В тех заметках, которые вызвали ответ Украинца, я указываю, что в нашем споре самое употребление термина «великорусский» опасно и нежелательно: оно вводит в заблуждение, будто та культура и тот язык, которые этим термином обозначаются, стоят, так сказать, в одном ряду с «малорусским» и «белорусским». С узко-лингвистической точки зрения это, может быть, и правильно (хотя и то – лишь с весьма значительными оговорками и ограничениями), но с культурно-исторической точки зрения это прямо неверно. Язык «Полного Собрания Законов», язык Пушкина, Гоголя, Тургенева и Льва Толстого, будучи по своей лингвистической основе великорусским, – по своему культурно-историческому значению есть общий русский язык, есть «койнэ» всех русских народностей, входящих в состав Российской империи. 

<…> 

При этом разговорный общерусский язык, конечно, в широчайшей мере воспринимает местные особенности, особенности диалектов и сообразно этим особенностям видоизменяется по местностям. Вот почему это непрерывное образование и преобразование на местах разговорной русской койнэ часто представляет на первый взгляд лишь местную порчу чистого русского языка. На самом же деле тут сложный и пестрый процесс выработки разговорной койнэ Российской империи. Пусть нам режет ухо тот русский язык, на котором говорят местные люди в Киеве, Одессе, Харькове и других южных городах. Но мы не должны забывать, что этот и неблагозвучный, и неправильный, пронизанный местными звуковыми, лексическими и синтаксическими особенностями язык, «отвратительный» «русско-малорусский волапюк», как выражается Украинец, навсегда объединил эти города с остальной Россией. 

<…> 

Таким образом, я исхожу из убеждения, что есть общерусская культура и ее орган, общерусский язык; положение и значение этого общерусского языка по отношению к местным наречиям или языкам русского корня аналогично положению ново-верхненемецкого языка по отношению к диалектам Германии.

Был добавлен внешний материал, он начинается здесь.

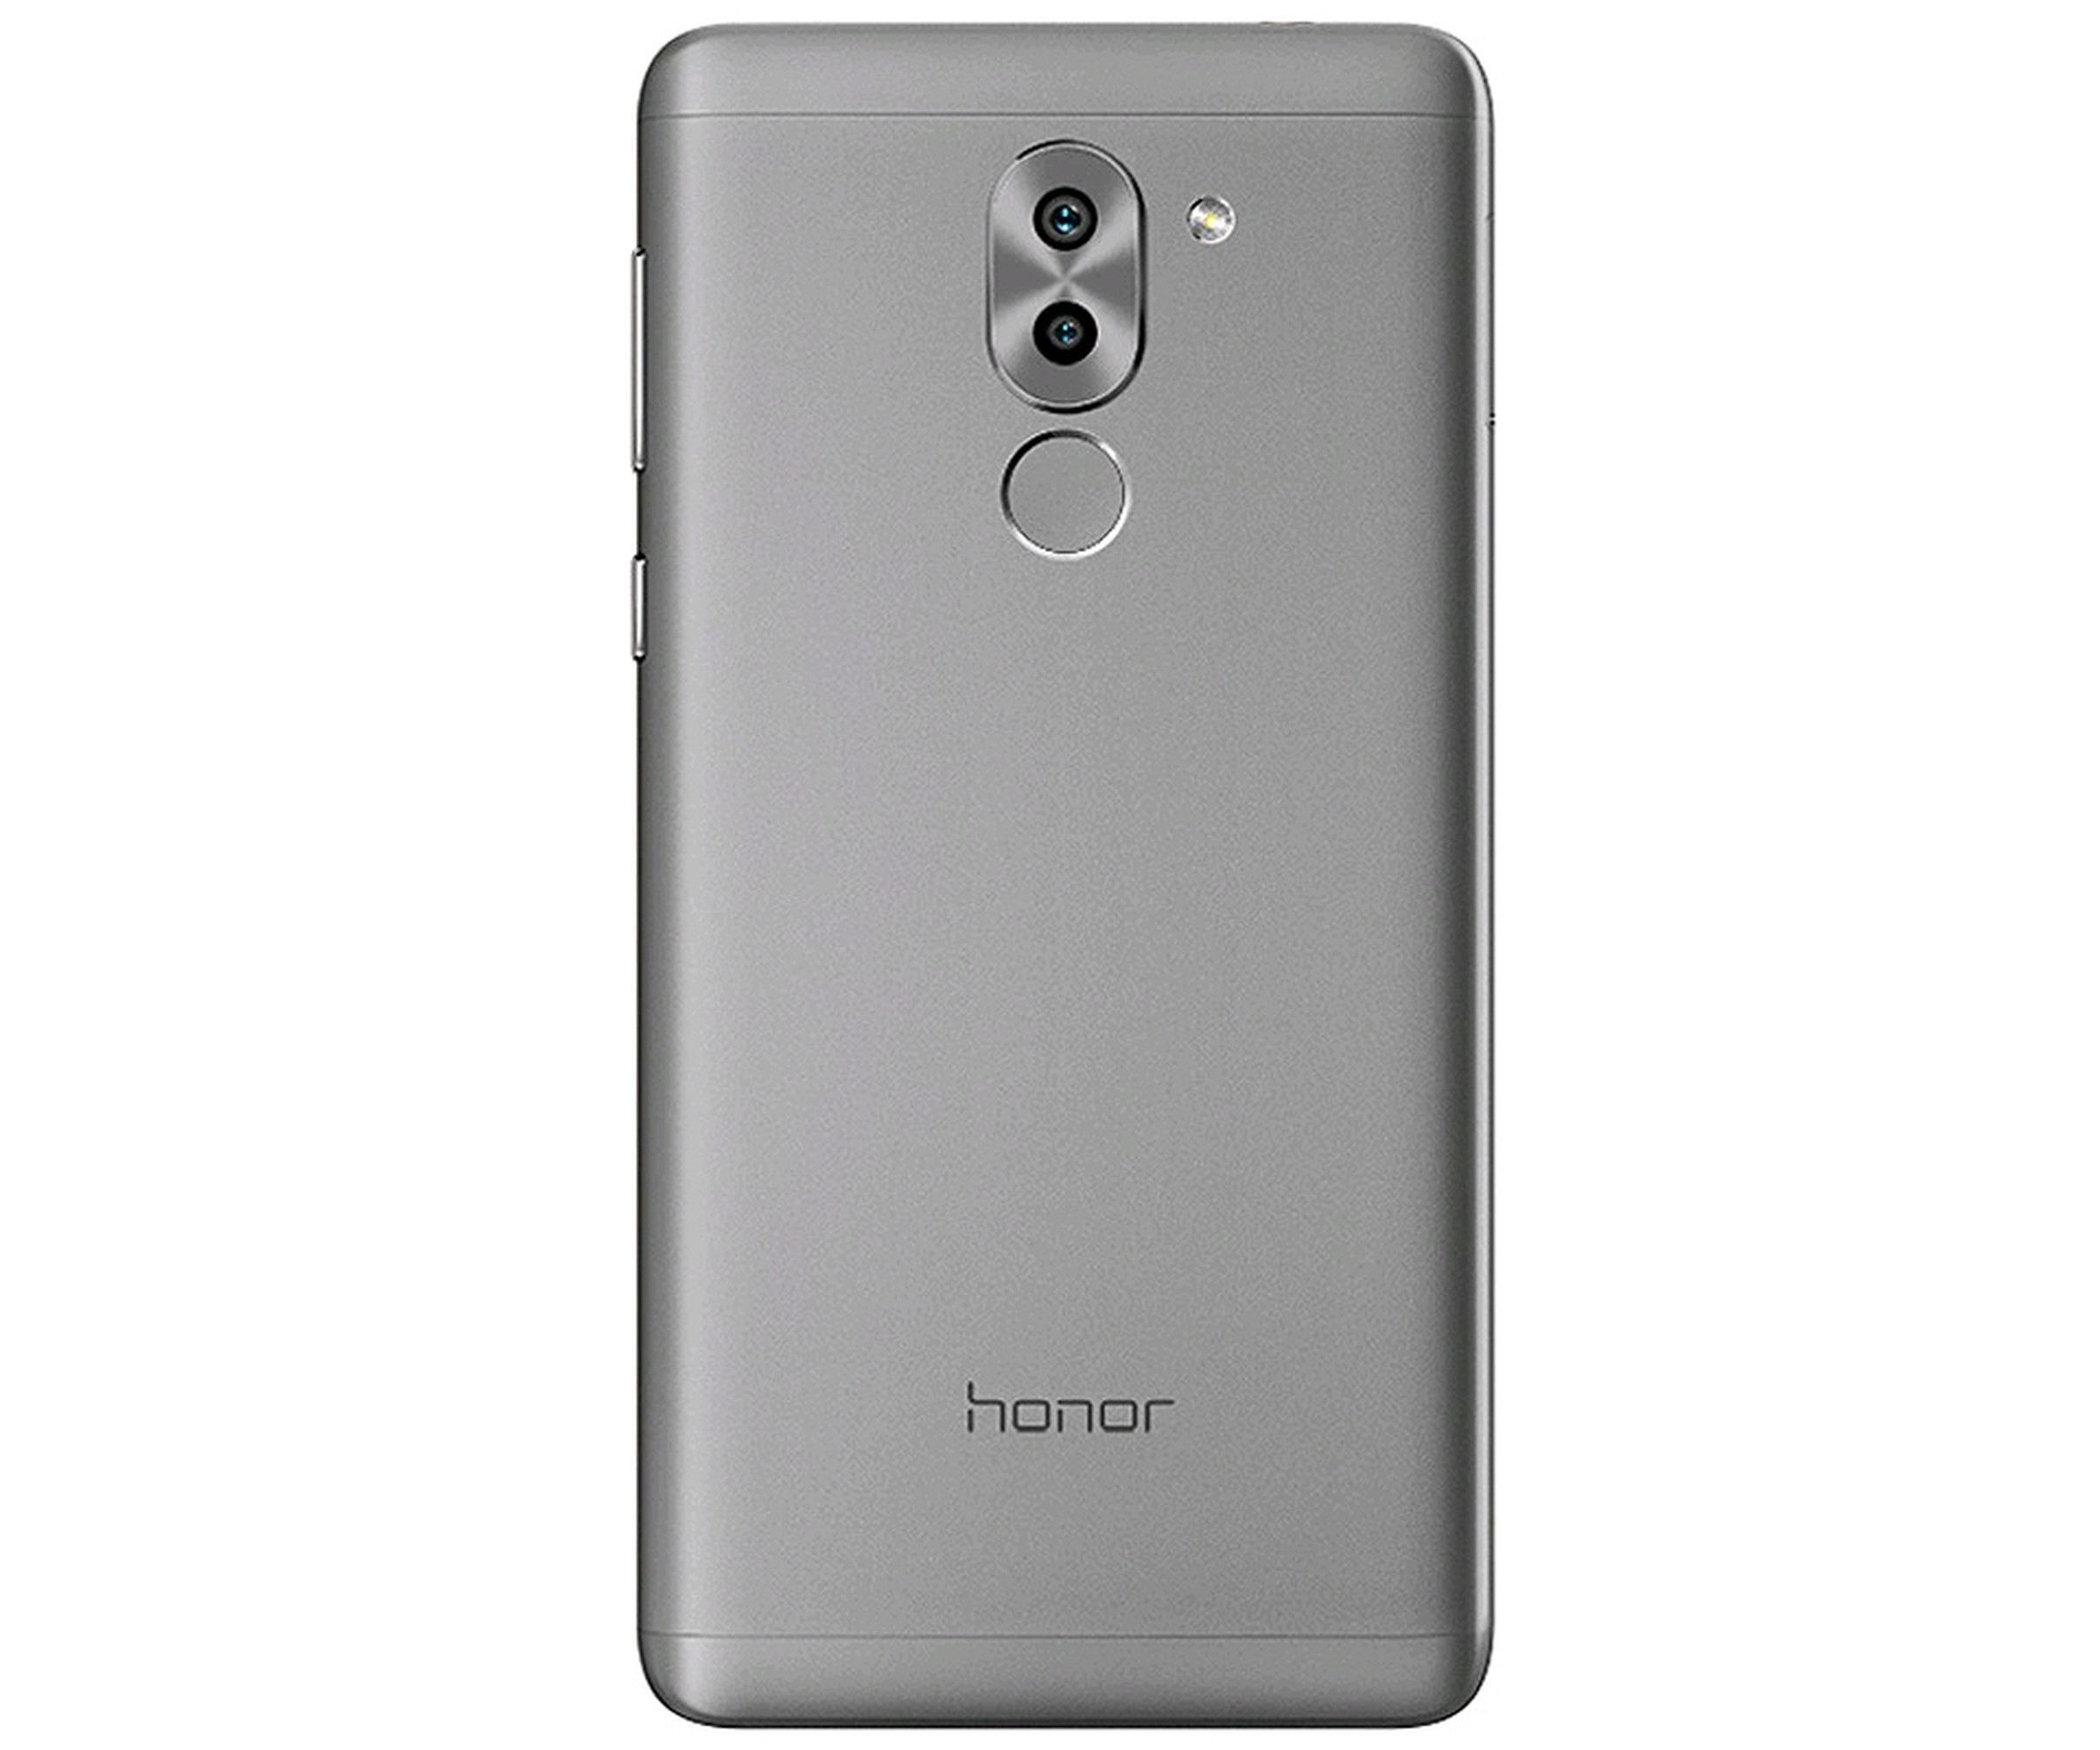 Huawei Honor 6X 14 cm (5.5 Zoll) 4 GB 64 GB Dual-SIM 4G Grau 3340 mAh

Я не вижу, как можно 

оспаривать этот тезис, хотя я и понимаю, что можно направить все усилия на то, чтобы завоевать и в России малорусскому (украинскому) языку другое положение и придать ему другое значение. 

<…> 

Капитализм, говорящий по-русски 

Конечно, и сейчас можно в университетах читать специальные курсы на украинском языке (хотя зачем это делать, я откровенно не понимаю), но все-таки университетская культура в России, если в русской жизни не произойдут какие-нибудь огромные культурные перевороты, неразрывно сплетена с русским языком. То же, думается мне, следует сказать и о средней школе. Что касается начальной школы, то положение в ней местного языка, на котором дети начинают говорить и думать, определяется, конечно, педагогическими соображениями. Не будучи педагогом, я не берусь сказать, как следует учить прирожденного малоросса общерусскому языку. Но для меня не подлежит сомнению, что одна из главных, и образовательных, и практических, задач начальной школы заключается в том, чтобы всякого русского приобщить к органу русской культуры, русскому языку, и что к этому нужно стремиться всеми разумными способами. Это нужно так же, как знание арифметики, это есть, если можно так выразиться, обязательная общегражданская грамотность. И в то же время украинцы правы, если они опасаются, что такое приобщение к русскому языку опасно для той будущности украинского языка, о которой мечтают они. Сделать из украинского языка ровню языку русскому после двух последних столетий русской истории можно только искусственными мерами, искусственно-оборонительными и искусственно-наступательными. Естественное, стихийное развитие, опирающееся на могущественные процессы в экономической жизни, благоприятствует общерусскому языку.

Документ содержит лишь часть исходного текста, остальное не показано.